Tanpa menunggu jawaban, si tengah segera memungut dua benda itu.
Aku, istri, dan si sulung, mengamati saja dengan hati was-was.
Kemudian, si tengah memencet tombol power window. Kaca jendela terbuka perlahan.
Setelah jendela terbuka setengahnya, dua benda itu dia buang satu per satu ke luar mobil.
Kemudian dia ungkit tombol power window. Kaca jendelapun kembali tertutup rapat.
"Alhamdulillaah ...," serentak kami mengucap syukur.
"Masha Allah, Nak, darimana kamu tahu adikmu bisa membuang jimat itu dengan mudah?
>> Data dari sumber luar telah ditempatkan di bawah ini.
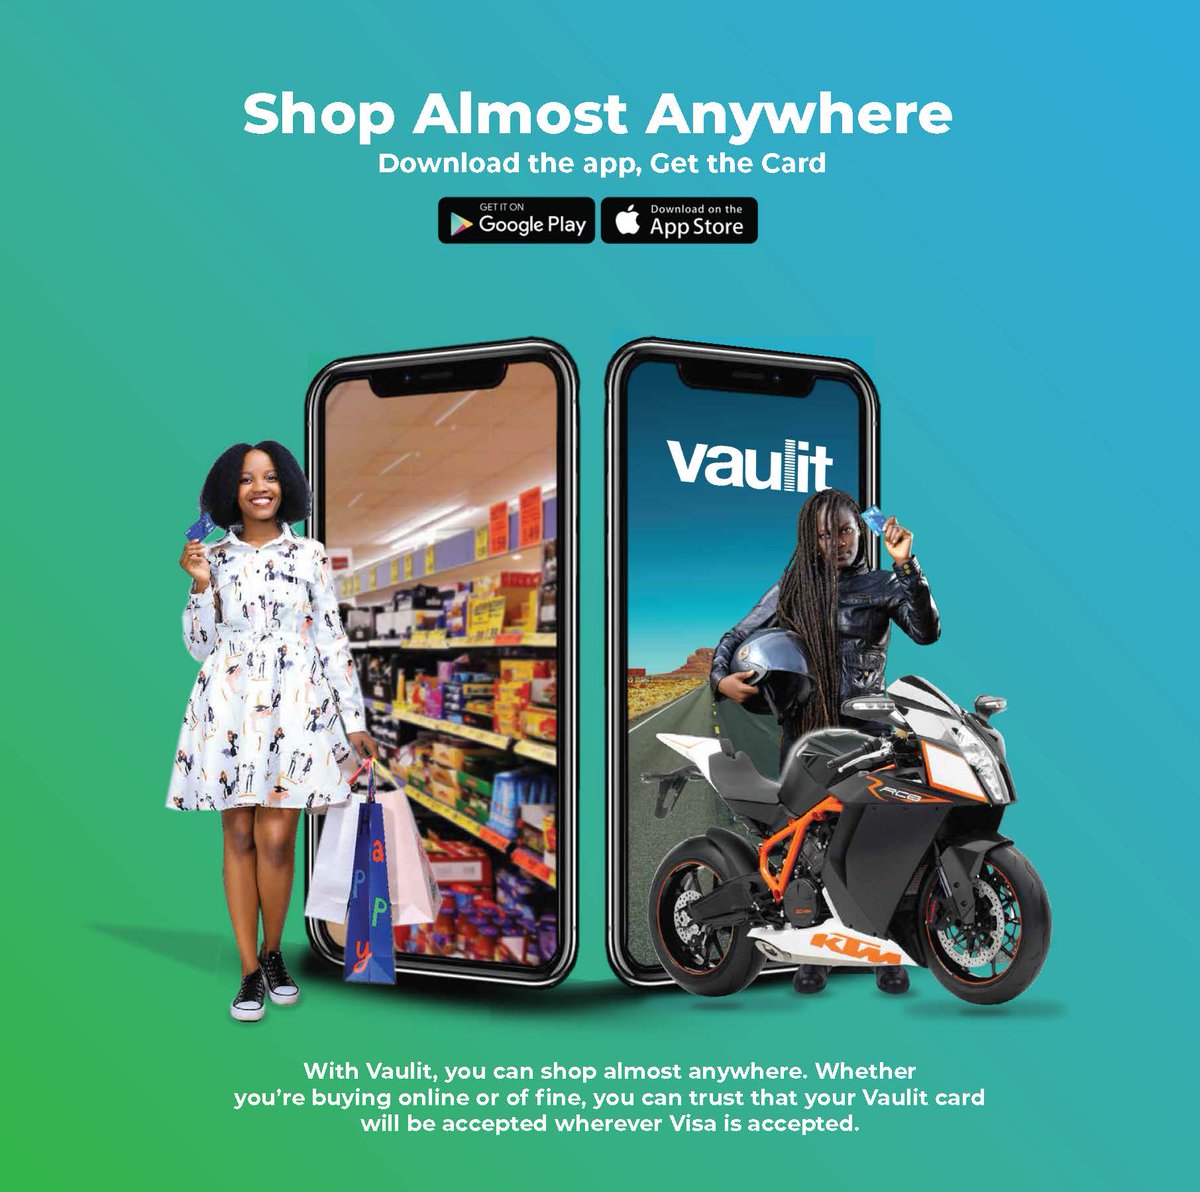 Dive into endless shopping for the things you love! 🛍️💳 Shop almost anywhere, online & offline, with Vaulit's prepaid VISA card. Be a part of our Beta List for early access!

Don't miss out! 🚀 Join now: vaulit.com/download/ #PowerYourPassion #ShopAnywhere'

Kenapa tiba-tiba jendela tidak macet lagi?" tanyaku masih dalam keadaan heran bercampur takjub.
"Benda haram itu hanya bisa dengan gampang dibuang oleh orang shaleh atau orang suci, Yah. Oleh manusia yang selalu berusaha menjauhi dosa atau belum berdosa sama sekali. Nah, diantara kita, jelas, si dedeklah yang belum punya dosa, karena dia belum akil baligh. Hanya manusia suci yang pasti bisa menaklukkan alam ghaib," jelas si sulung.
"Allahu Akbar!" seruku dan istri hampir bersamaan.
"Bersyukur sekali ayah dan bunda menyekolahkanmu di pesantren, Nak," ujar Istri dengan mata berkaca-kaca haru.
Aku tersenyum lega, lalu mengusap-usap gemas kepala bocah itu, karena takjub dengan ketenangannya menganalisis situasi dalam keadaan genting.